The results are then printed to the Session
Window. Minitab provides the direction of the differencing, hypotheses,
confidence interval, test statistic, and p-value. It is up to you to interpret
these results. Is the difference statistically significant? (No.) Additionally,
notice the “Fisher’s Exact Test” output in the session window. Fisher’s Exact
Test is a randomization test, and is
not based on the normal distribution. Knowing that both the large-sample test
(condition of normality) and the randomization test (no conditions) agree makes
us feel even better about our analysis.
Description of
HousePrices.MPJ
This
data file contains the selling prices (in thousands of dollars) for a sample of
homes (some 3-bedroom and some 4-bedroom) in
Analysis
On
average, do homes with 4 bedrooms sell for more money than homes with 3
bedrooms? Intuitively, this would seem to be true, but do these data support
this claim? First we should consider the data set-up—this is a two-sample
problem.
Before
performing a significance test, compare the house prices visually. (Again, it’s
good practice to do some simple graphical and numerical summaries of your data,
before moving to more complex analyses.) Boxplots are
a good way to do this initial comparison (Graphs>Boxplot>Multiple Ys>Simple; if you want horizontal,
not vertical, boxplots, click on the Scale button and select the “Transpose
value and category scale” button). Based on these boxplots,
do you think a t-test will discover a significant difference in average selling
prices? (Sometimes we can anticipate the result of a significance test by
looking at simple graphs of the data.)
You
can further assess the normality condition of the t-test by creating histograms
and normal-probability plots of the two sets of data (Graph>Histogram or Graph>Probability
Plot). Does the normality condition seem reasonable for both samples?
(Yes.)
Now
you can conduct the actual 2-sample t-test (Stat>Basic
Statistics>2-Sample t). Note that the samples are in different columns, you
don’t want to assume equal variances, and you want a one-sided alternative.

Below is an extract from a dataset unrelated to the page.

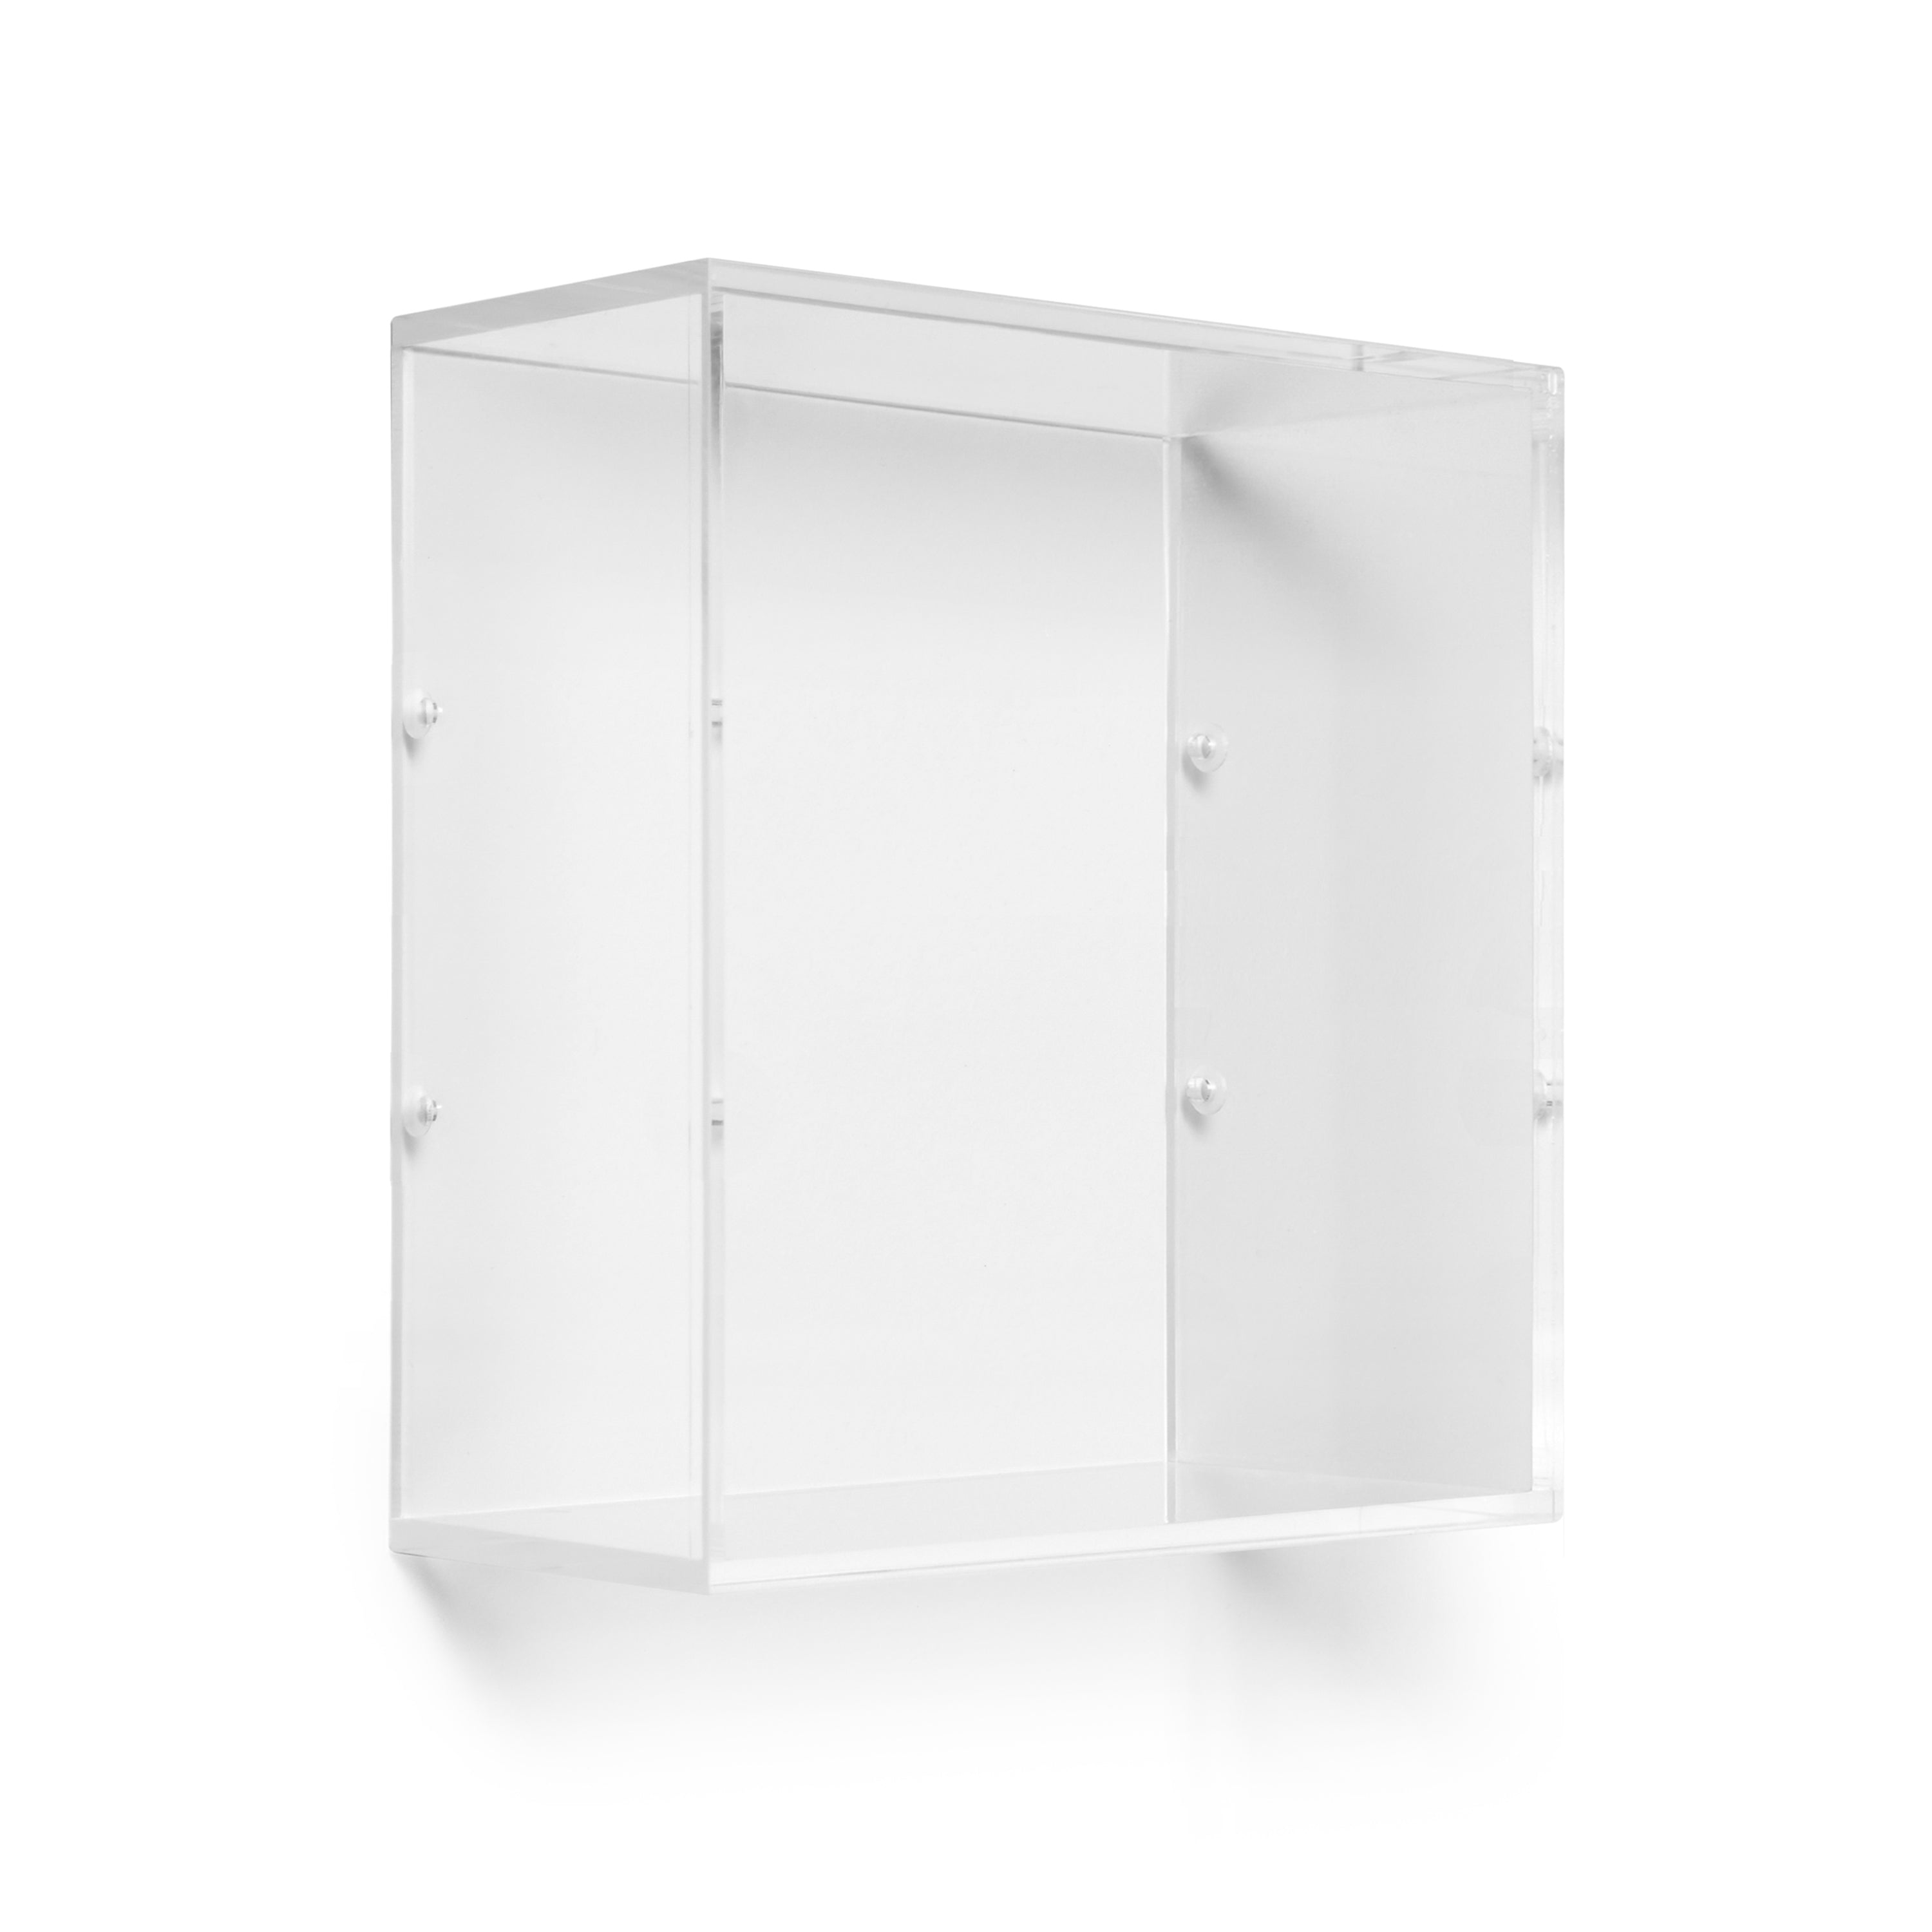 Chadko 18D x 24W Translucent Shelf Liner, Plastic

What do the results tell you? The small p-value shouldn’t surprise you. What’s
valuable from the output is the confidence bound on the difference in average
selling price (definitely seems practically important).

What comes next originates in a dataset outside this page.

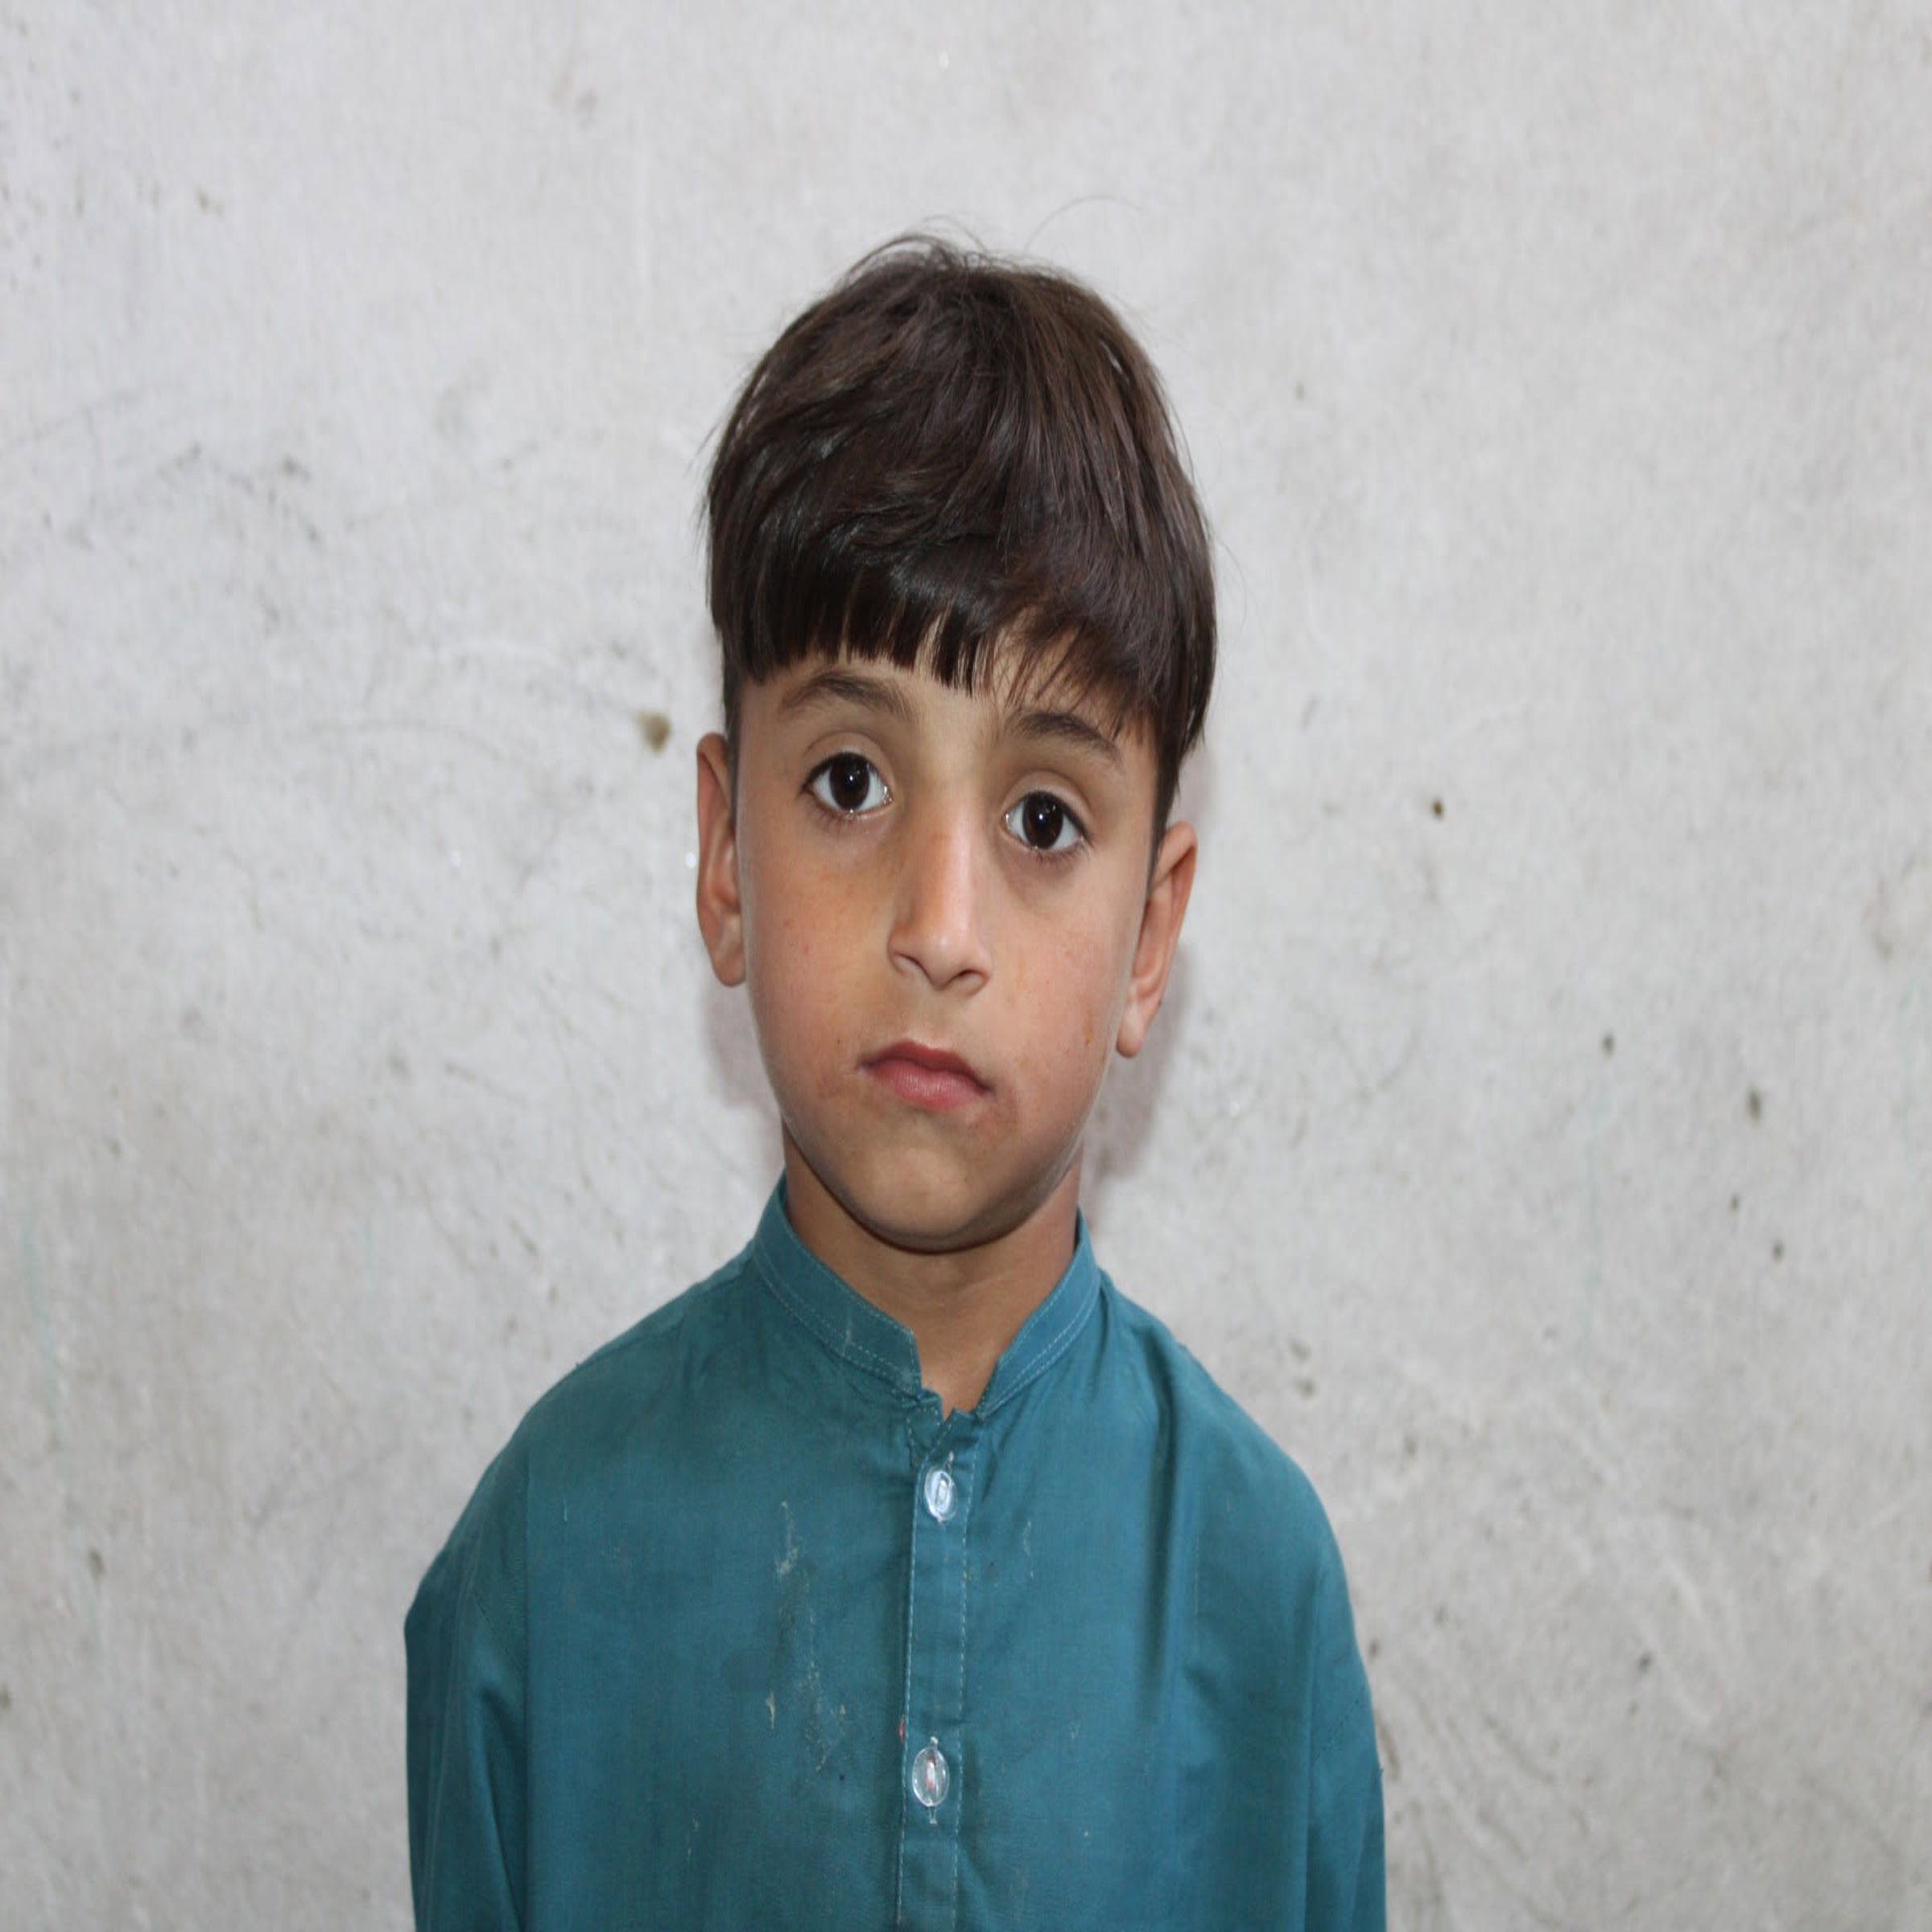 Human Appeal Orphan - Shahzad

Minitab allows you to perform all the tests
we’ve discussed in class, plus many we haven’t discussed (e.g., nonparametric tests, Chi-square tests). It’s important that you know when to use each test and that you always
check conditions of the test (Minitab doesn’t do this for you). When running a
specific test, it’s important that you understand how your data are listed in
your worksheet (e.g., separate columns, single column). Finally, it’s important
that you understand the output Minitab gives you and that you can provide a
conclusion in layperson’s terms (not using technical statistical language).

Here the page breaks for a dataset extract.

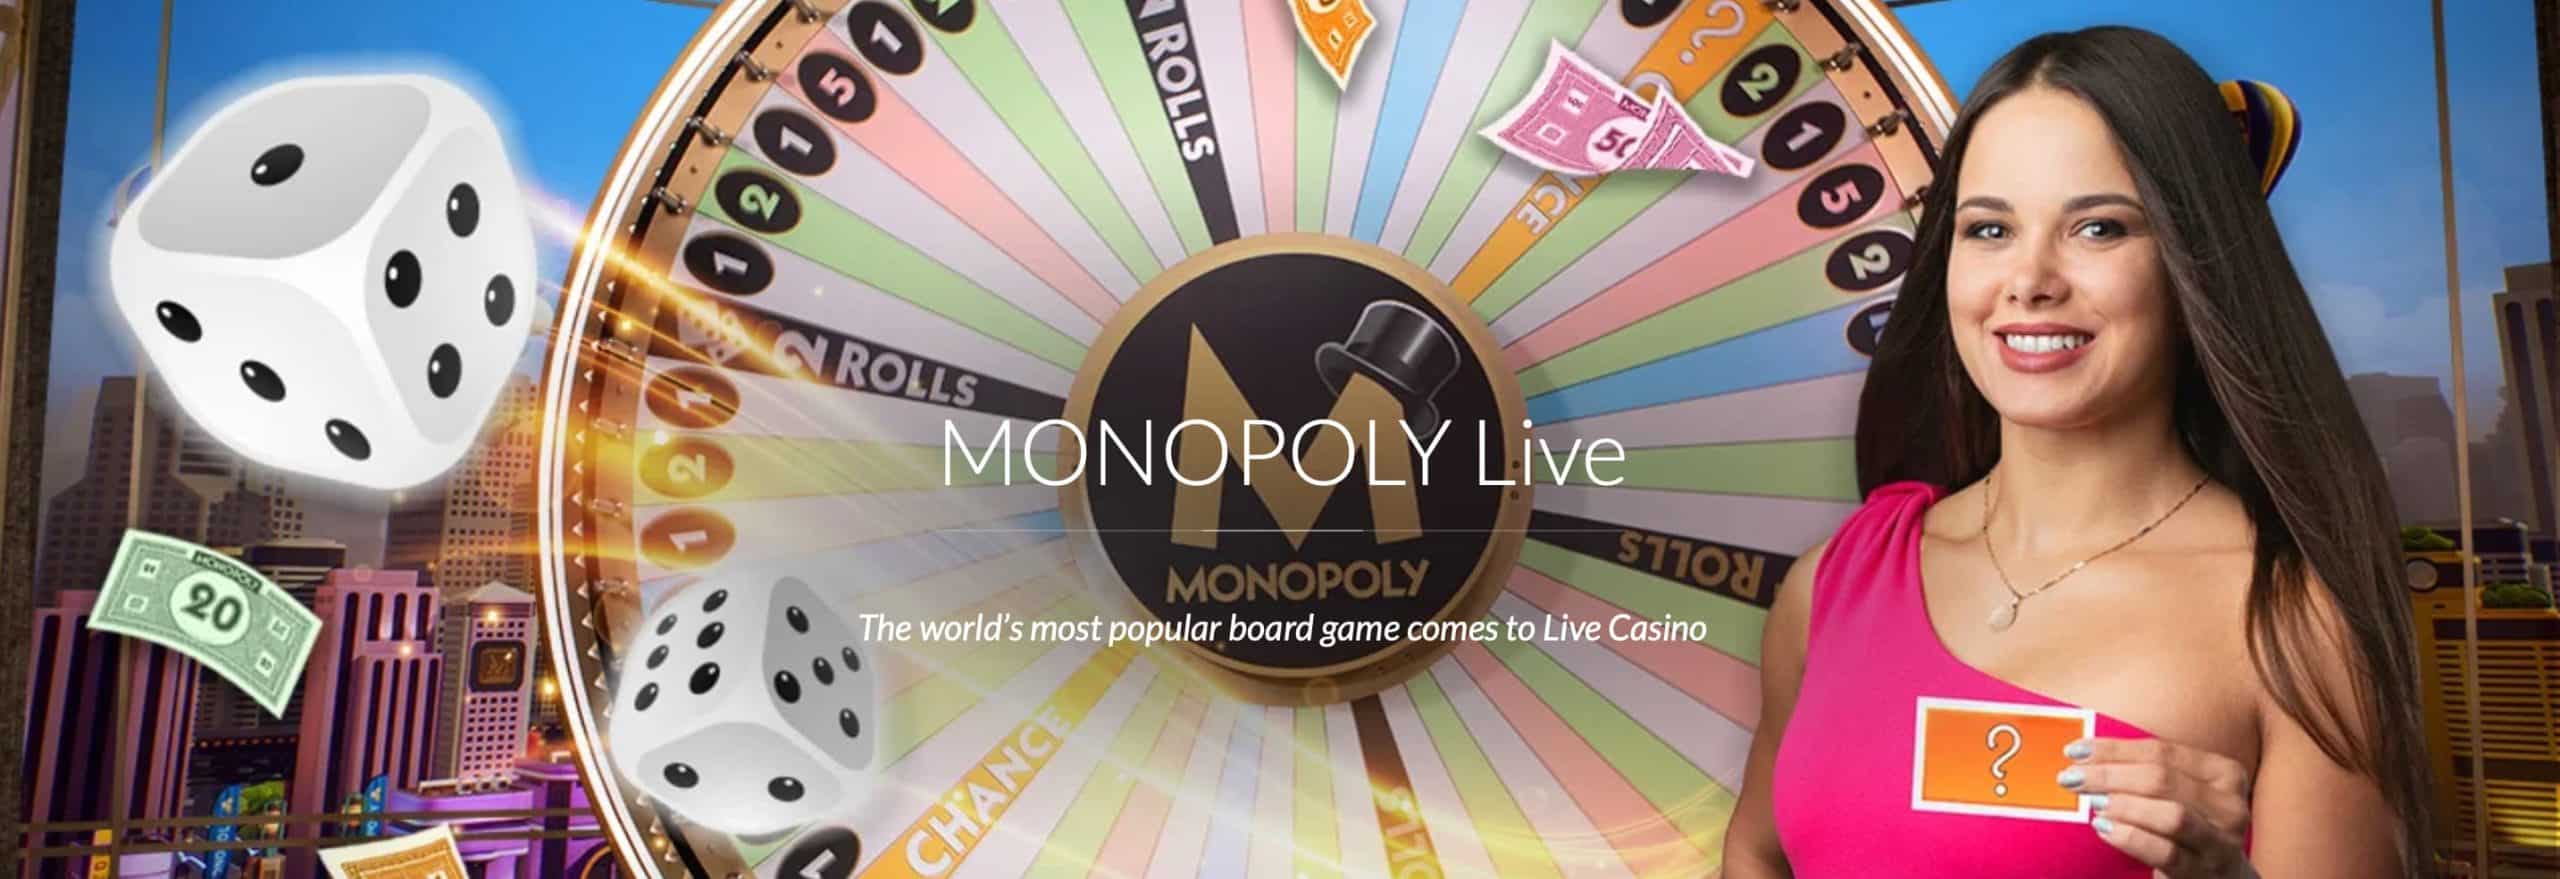 monopoly live evolution gaming

Minitab can also perform power calculations (and sample size determination) for all the
tests we’ve discussed (Stat>Power and
Sample Size). Choose one of these procedures from the Power and Sample Size sub-menu. Notice that Minitab lists three
quantities: 1) Sample size, 2) Difference (that you want to be able to detect),
and 3) Power. (The significance level and direction of the alternative are
specified via the Options button.) If
you supply two of these values to Minitab, then it will determine the third.
For example, in a two-sample t-test, if you want 0.90 power of detecting a
difference in means of 5, when the standard deviation is 50, then Minitab
determines that a sample size of 2,103 is needed (based on a two-sided test at
the 0.05 significance level). Verify this example.